Work task -
From the line containing "Доналд Тръмп поиска" through the last line below, copy every line exactly, leaving out the pictures.

___ Dataset excerpt ___

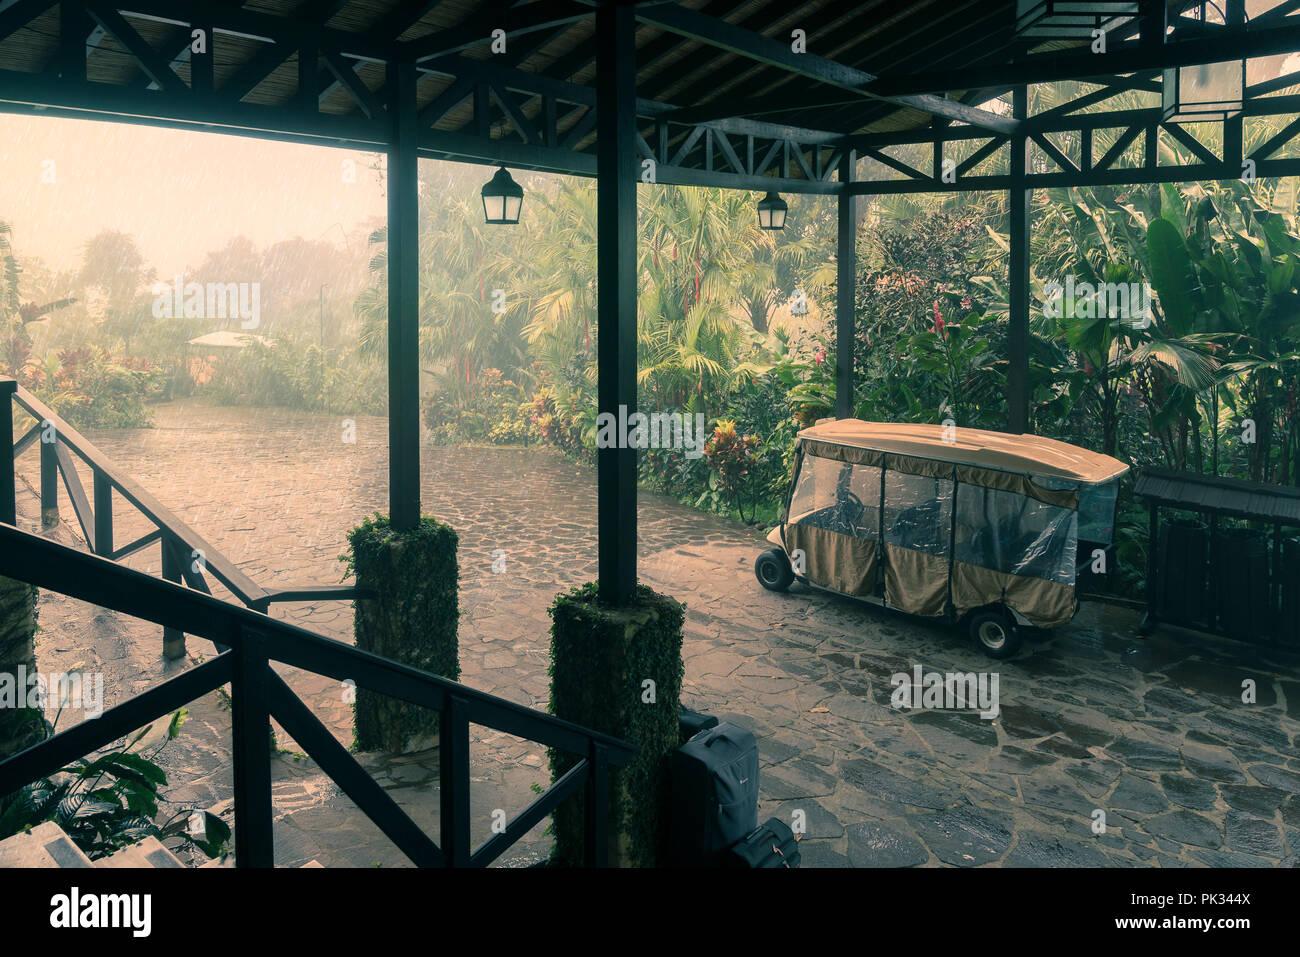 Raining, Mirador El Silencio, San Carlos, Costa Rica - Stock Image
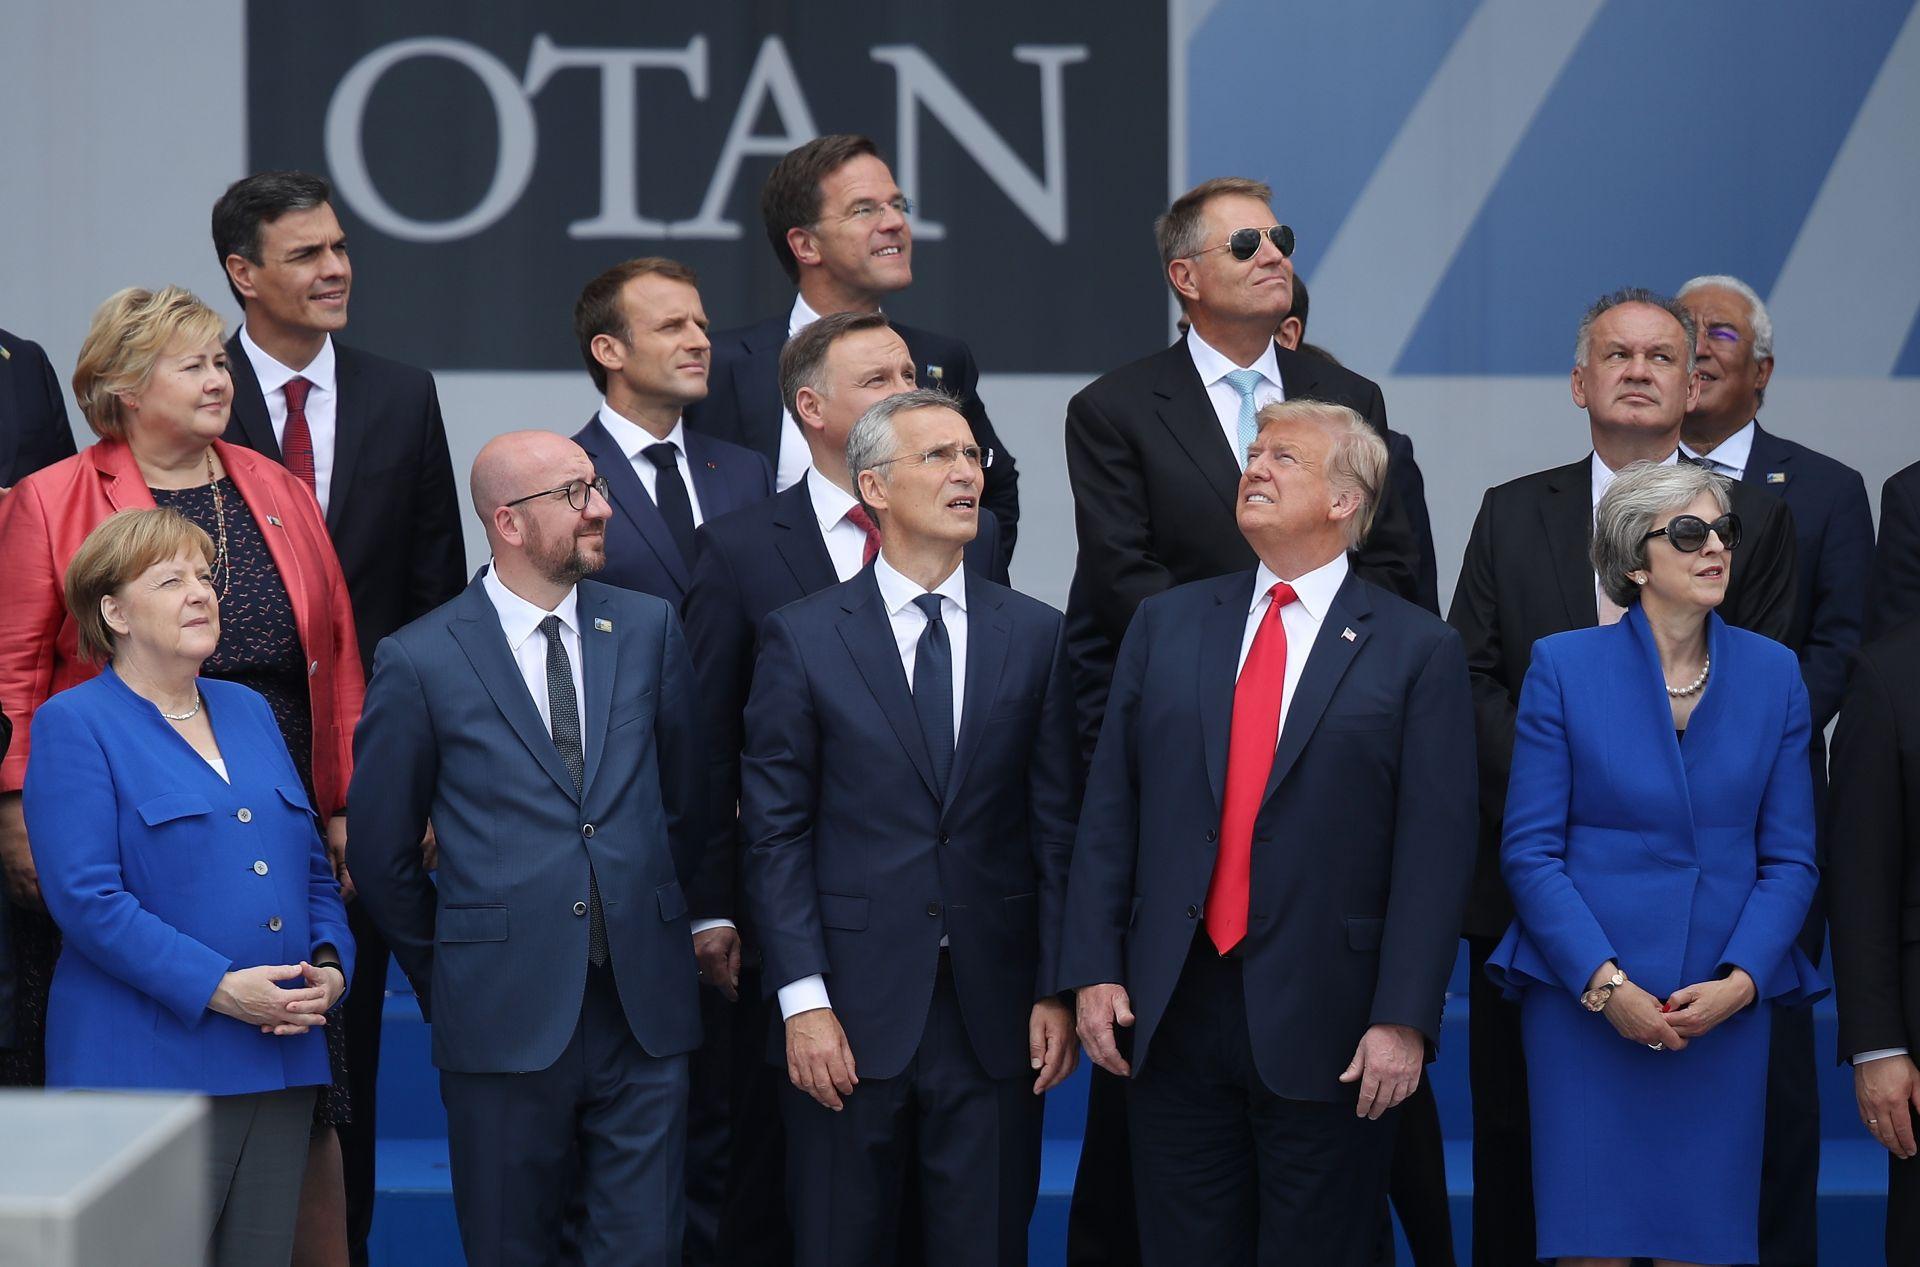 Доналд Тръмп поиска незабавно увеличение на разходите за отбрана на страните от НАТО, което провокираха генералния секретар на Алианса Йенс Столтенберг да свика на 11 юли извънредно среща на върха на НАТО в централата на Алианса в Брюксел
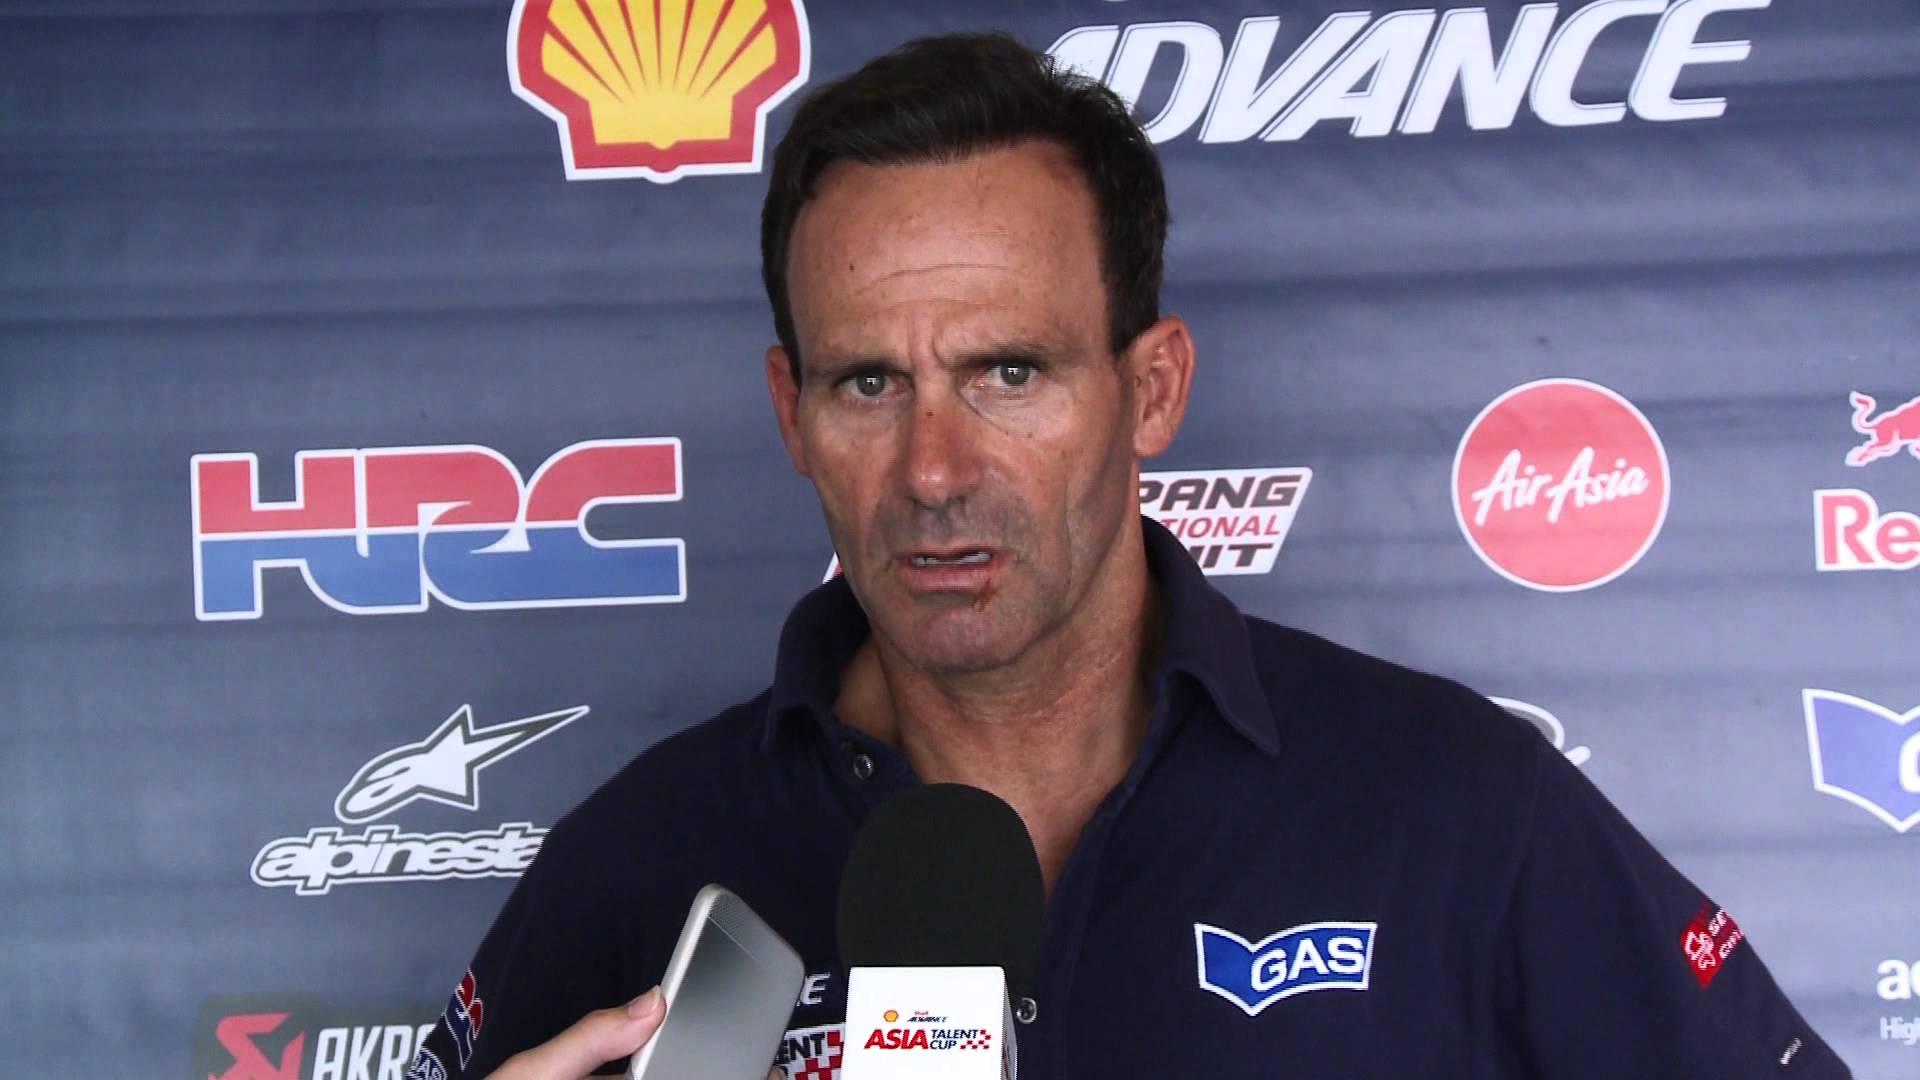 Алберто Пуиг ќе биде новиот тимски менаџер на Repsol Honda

___

Problem solution -
 Доналд Тръмп поиска незабавно увеличение на разходите за отбрана на страните от НАТО, което провокираха генералния секретар на Алианса Йенс Столтенберг да свика на 11 юли извънредно среща на върха на НАТО в централата на Алианса в Брюксел
 Алберто Пуиг ќе биде новиот тимски менаџер на Repsol Honda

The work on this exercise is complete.